Ci sono due momenti emblematici che trasmettono perfettamente l’idea del pressapochismo con cui la tv generalista italiana e i suoi attempati conduttori – altrettanto generalisti – trattano i fenomeni musicali più iconoclasti della musica pop (ma in generale tutta la musica): Mike Bongiorno che chiede a Martin Gore se è un maschio o una femmina – ancora oggi Youtube gronda di vergogna – e Gianni Boncompagni che, introducendo l’esibizione in playback di Plastic Bertrand a Discoring, traduce “Ça plane pour moi” con un imbarazzante “Questo aeroplano è per me”.

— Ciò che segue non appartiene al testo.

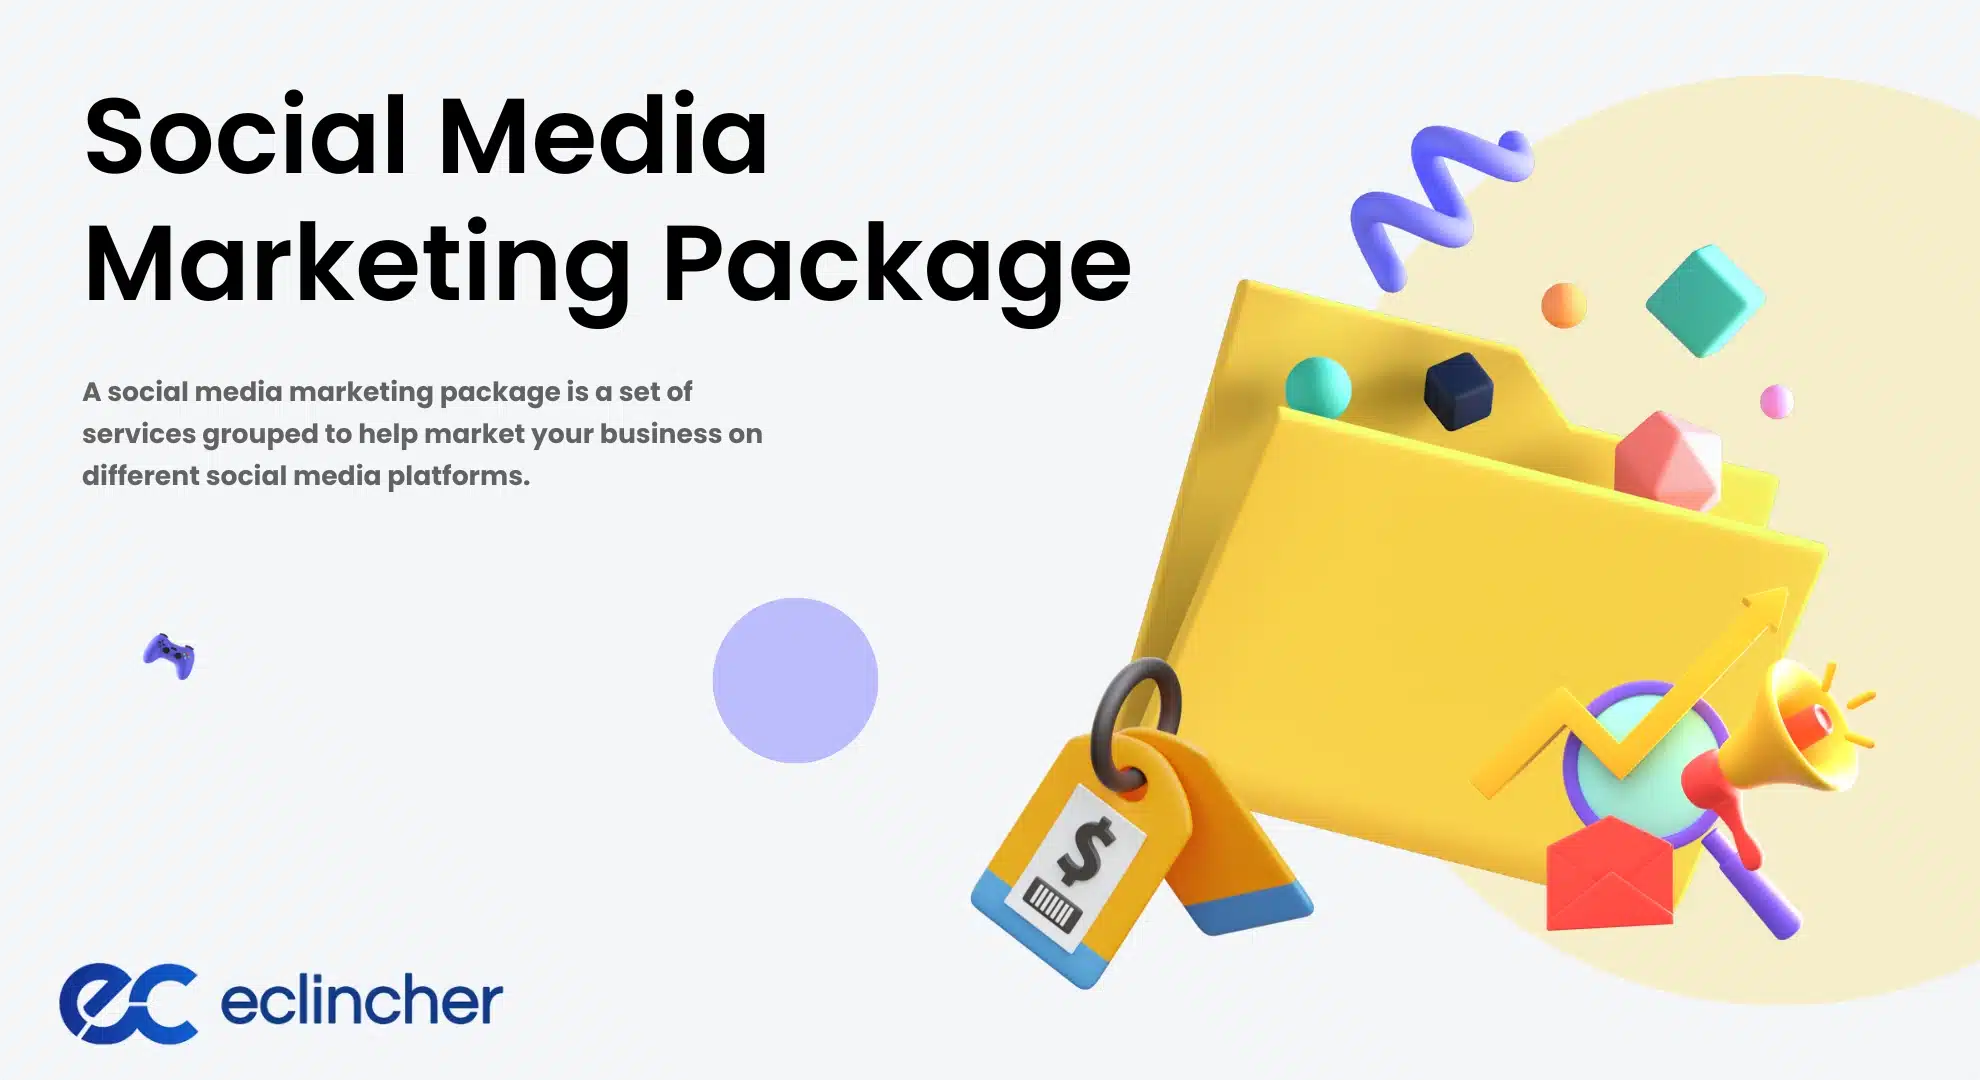 What is a Social Media Marketing Package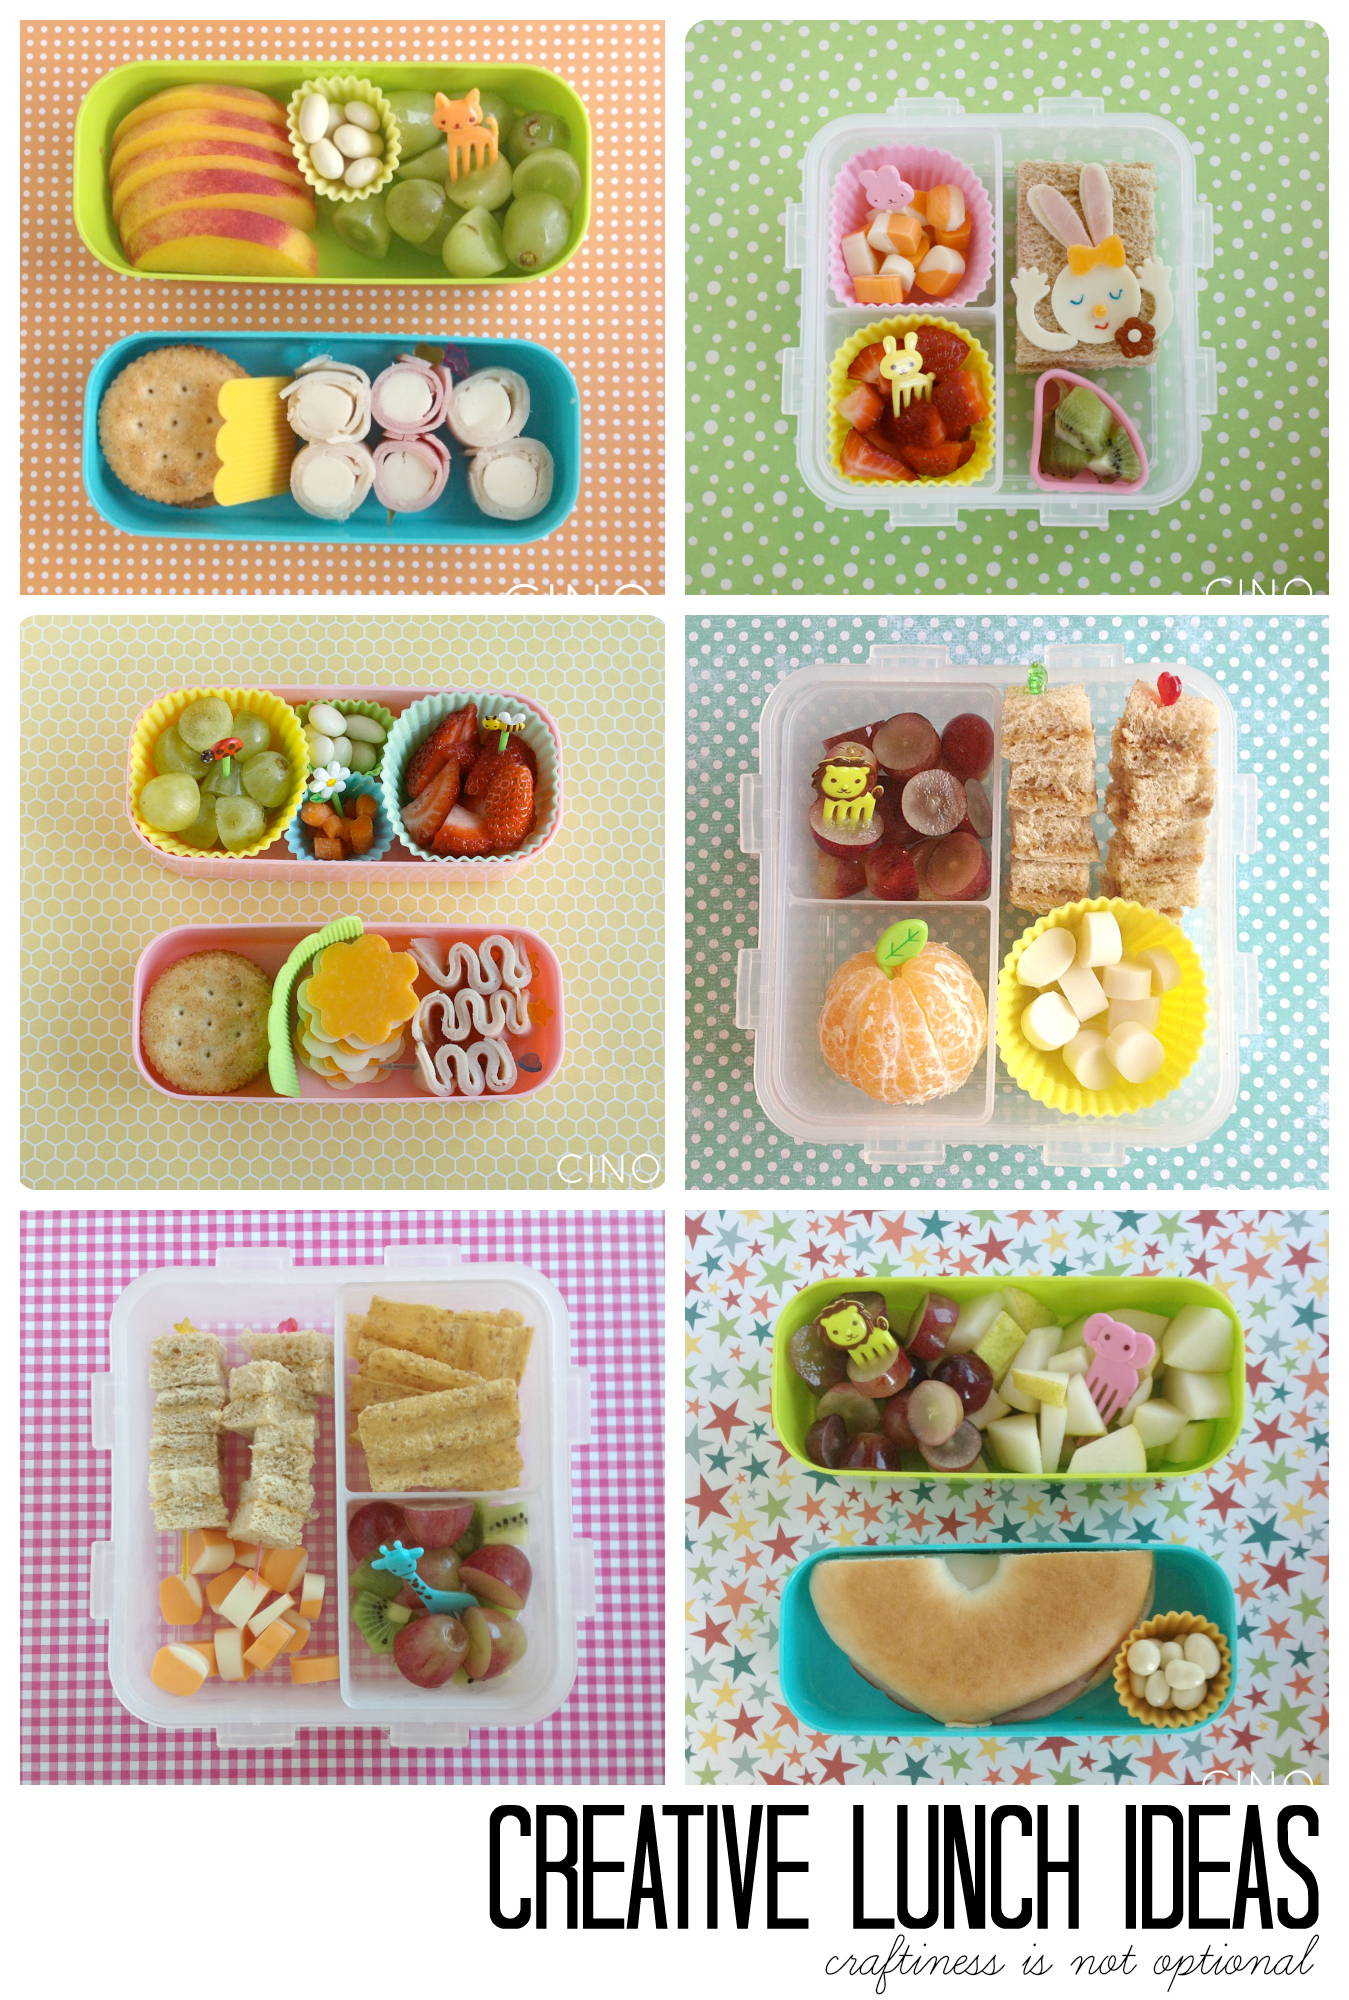 fun lunch ideas at craftiness is not optional

Altro che lost in translation. Non è una questione di conoscere o no la lingua francese, piuttosto una legge naturale che, a scuola, si insegna sin dalla prima versione in classe di qualunque lingua si approcci, non importa se viva o morta: se in italiano non ha un senso compiuto, probabilmente alla base c’è un problema. Possibile che Gianni Boncompagni, leggendo i dialoghi che la produzione gli avrà fornito prima di andare in onda, non si sia accorto che  “Questo aeroplano è per me” non significa un cazzo?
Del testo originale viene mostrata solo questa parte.